§ **THE DATA**
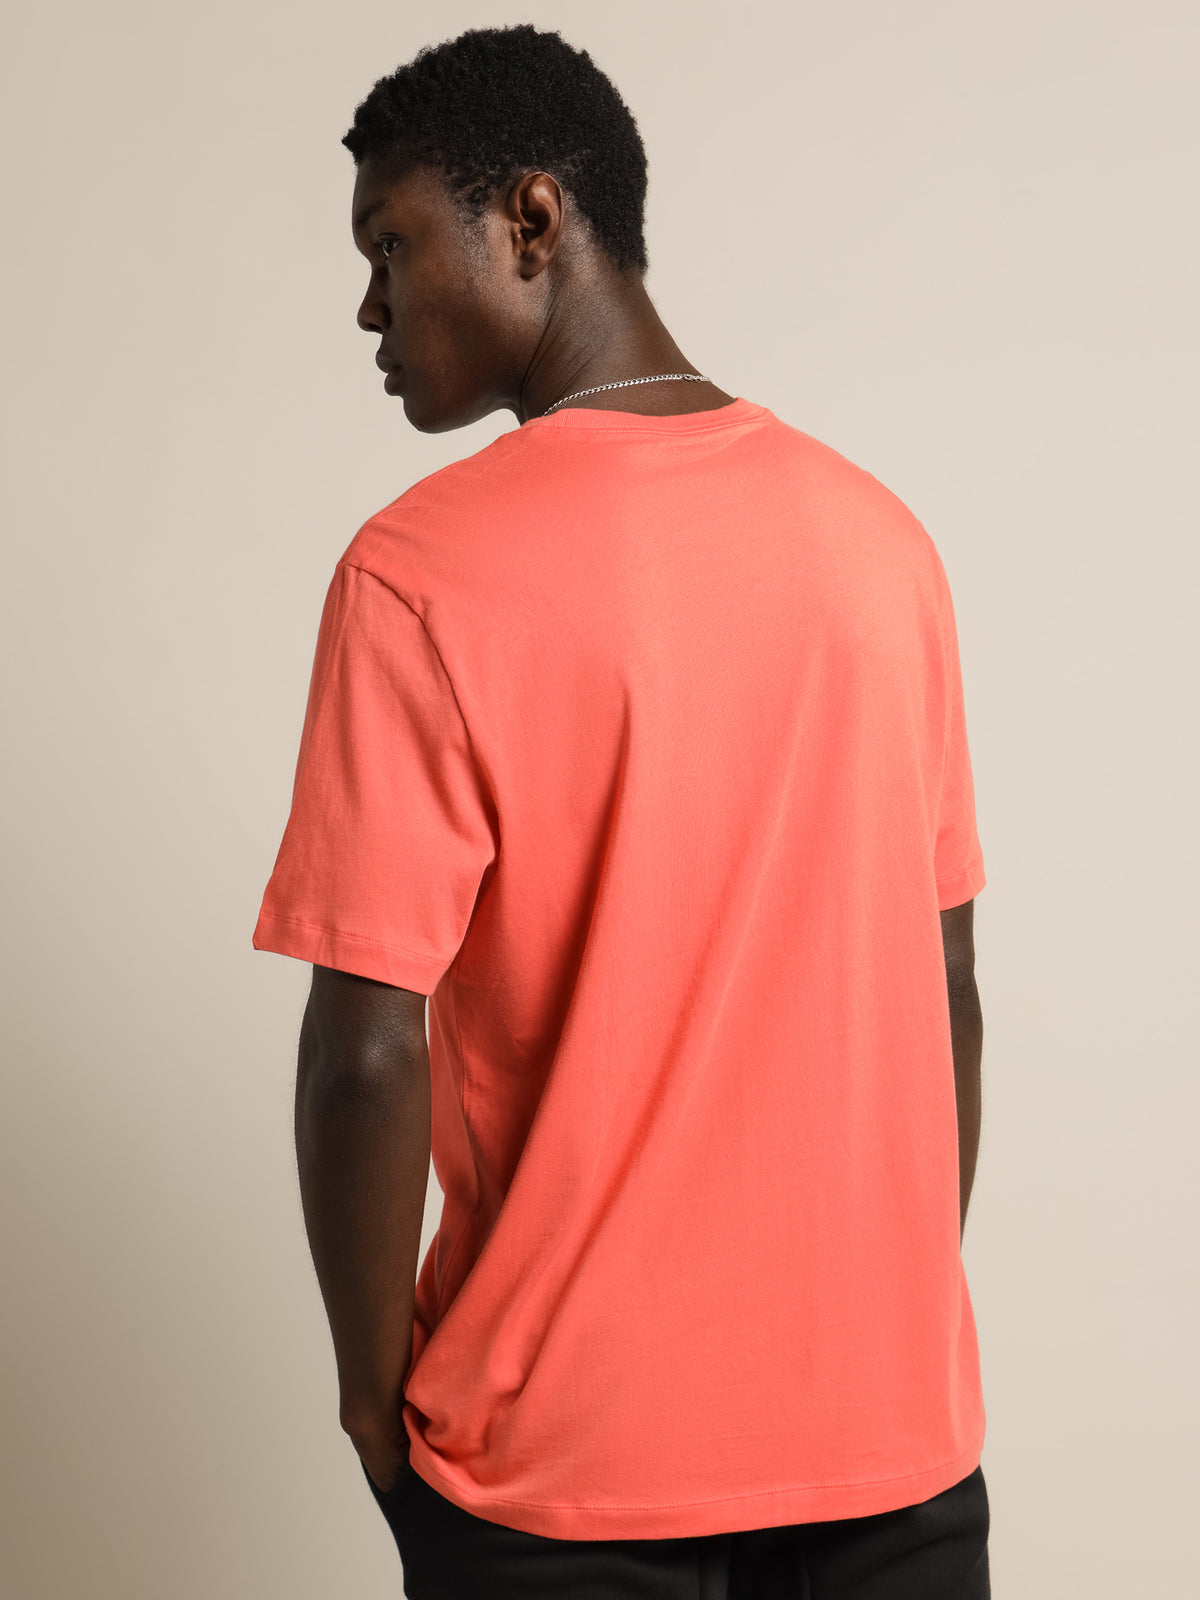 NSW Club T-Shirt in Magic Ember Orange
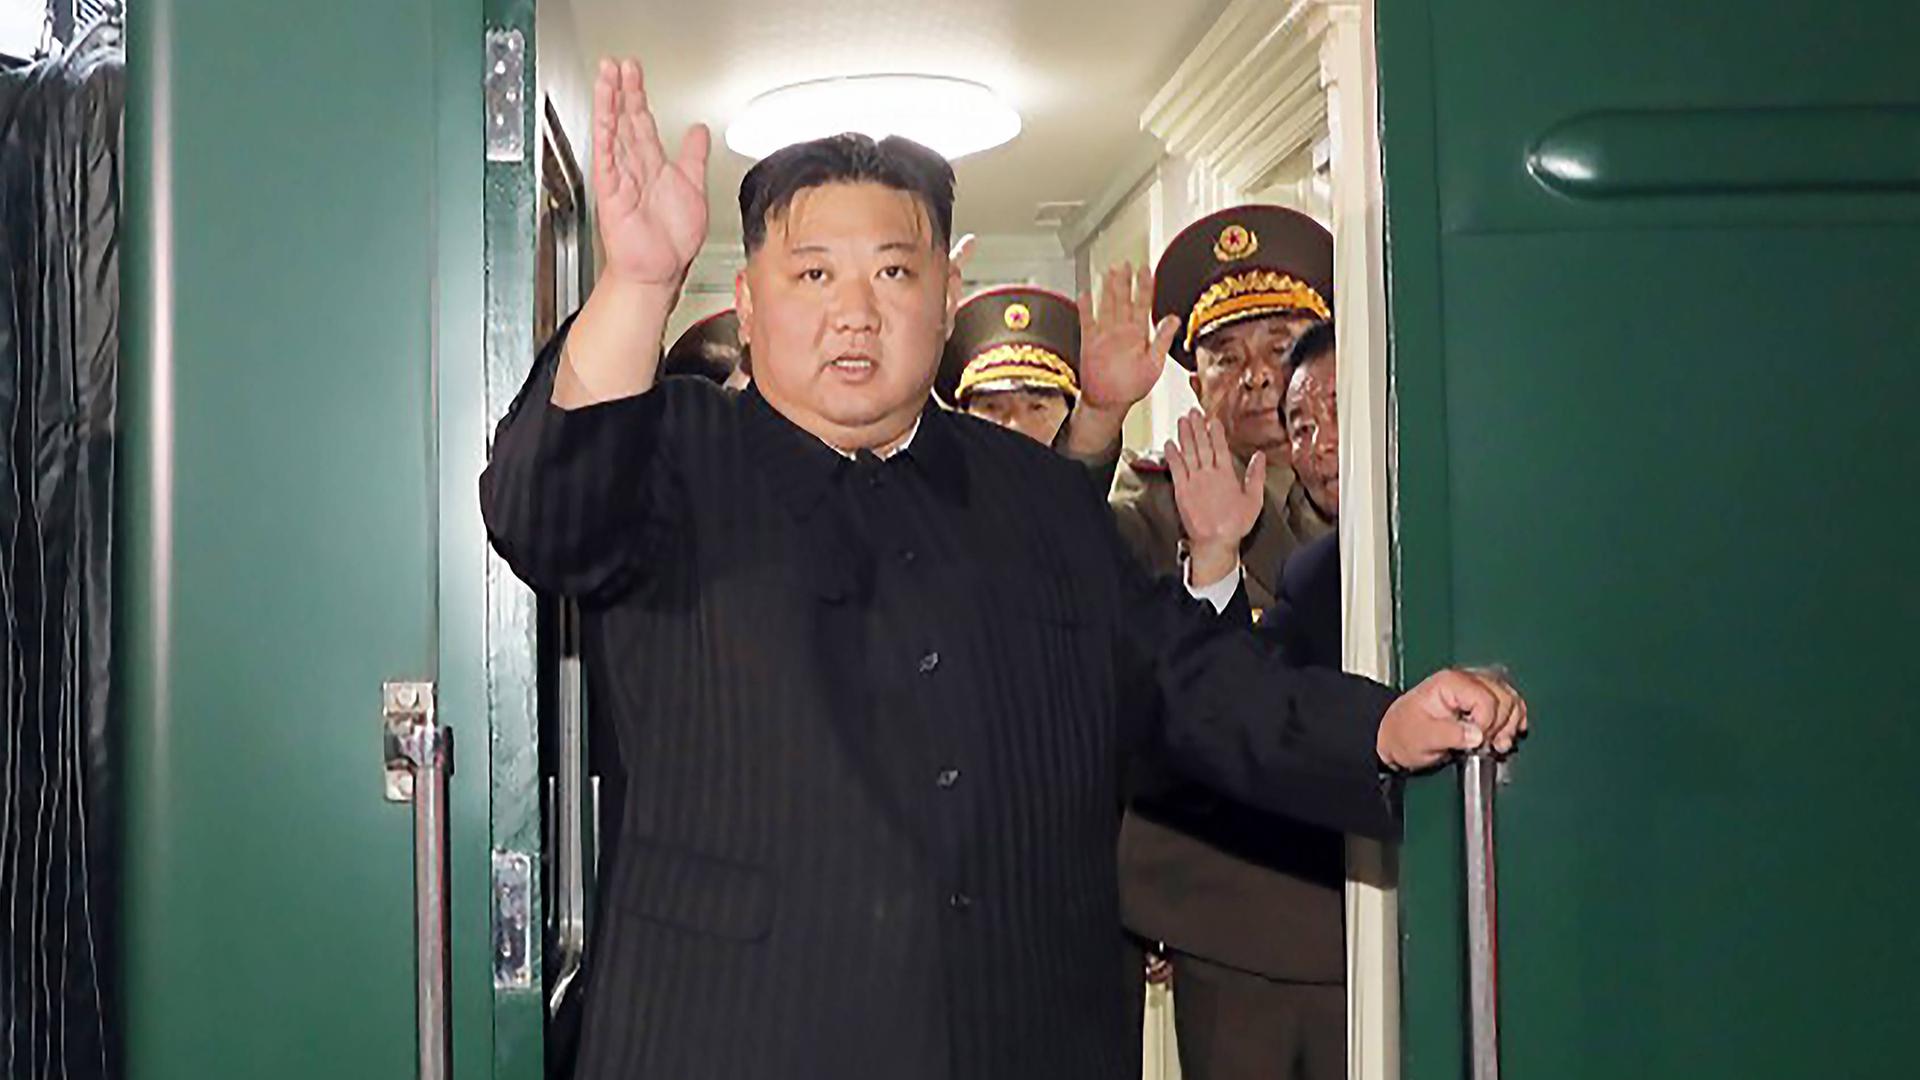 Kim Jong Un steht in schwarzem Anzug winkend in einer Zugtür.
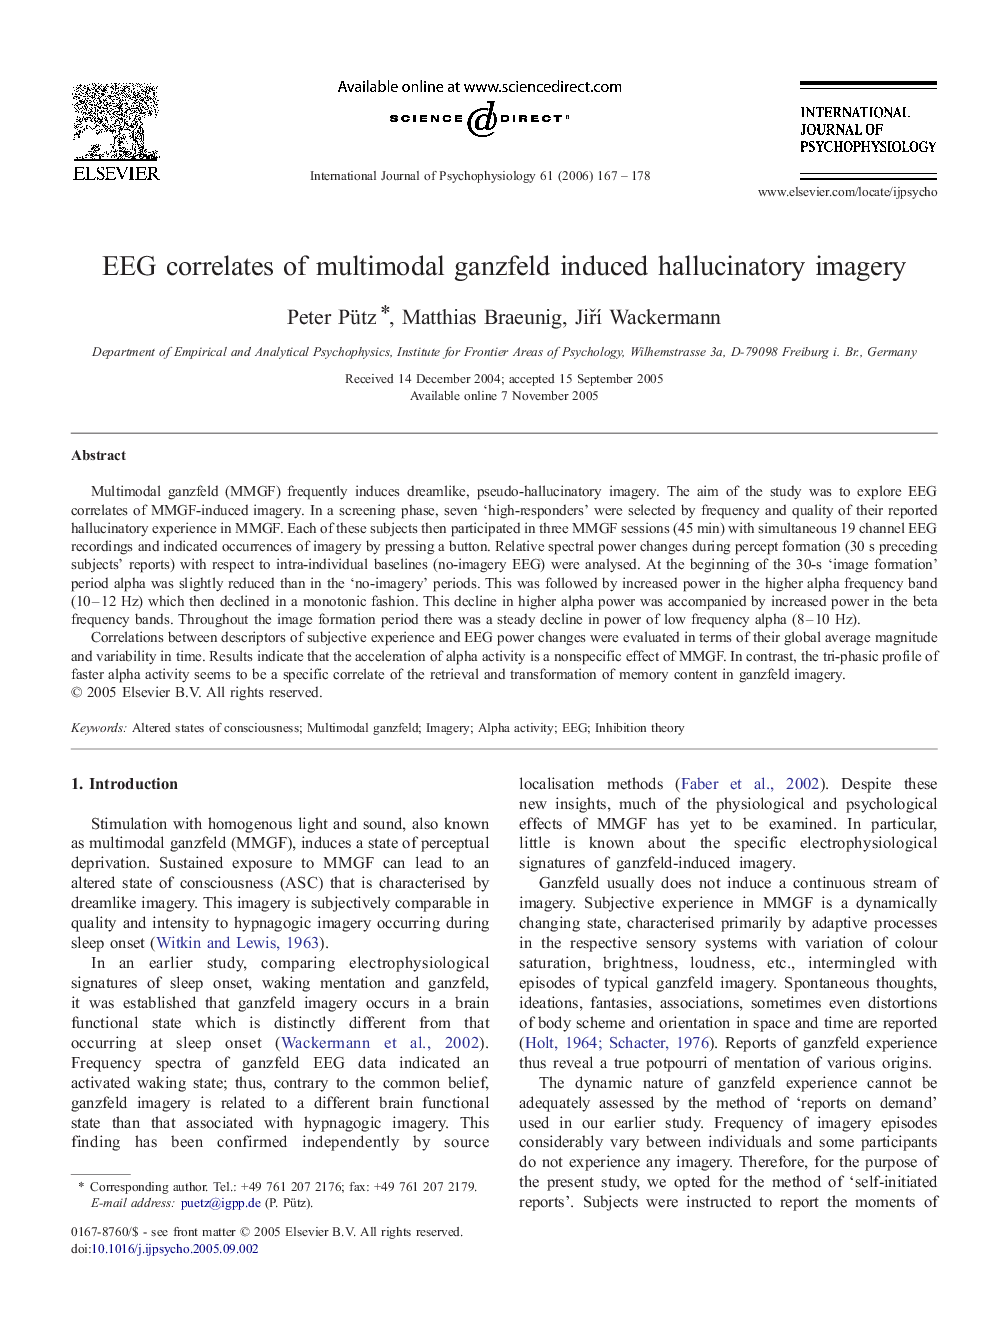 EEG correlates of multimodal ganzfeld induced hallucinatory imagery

§ **EXERCISE DETAILS**
Write out the data again word for word, minus any images.

§ **ANSWER TO THIS EXERCISE**
 NSW Club T-Shirt in Magic Ember Orange
 Kim Jong Un steht in schwarzem Anzug winkend in einer Zugtür.
 EEG correlates of multimodal ganzfeld induced hallucinatory imagery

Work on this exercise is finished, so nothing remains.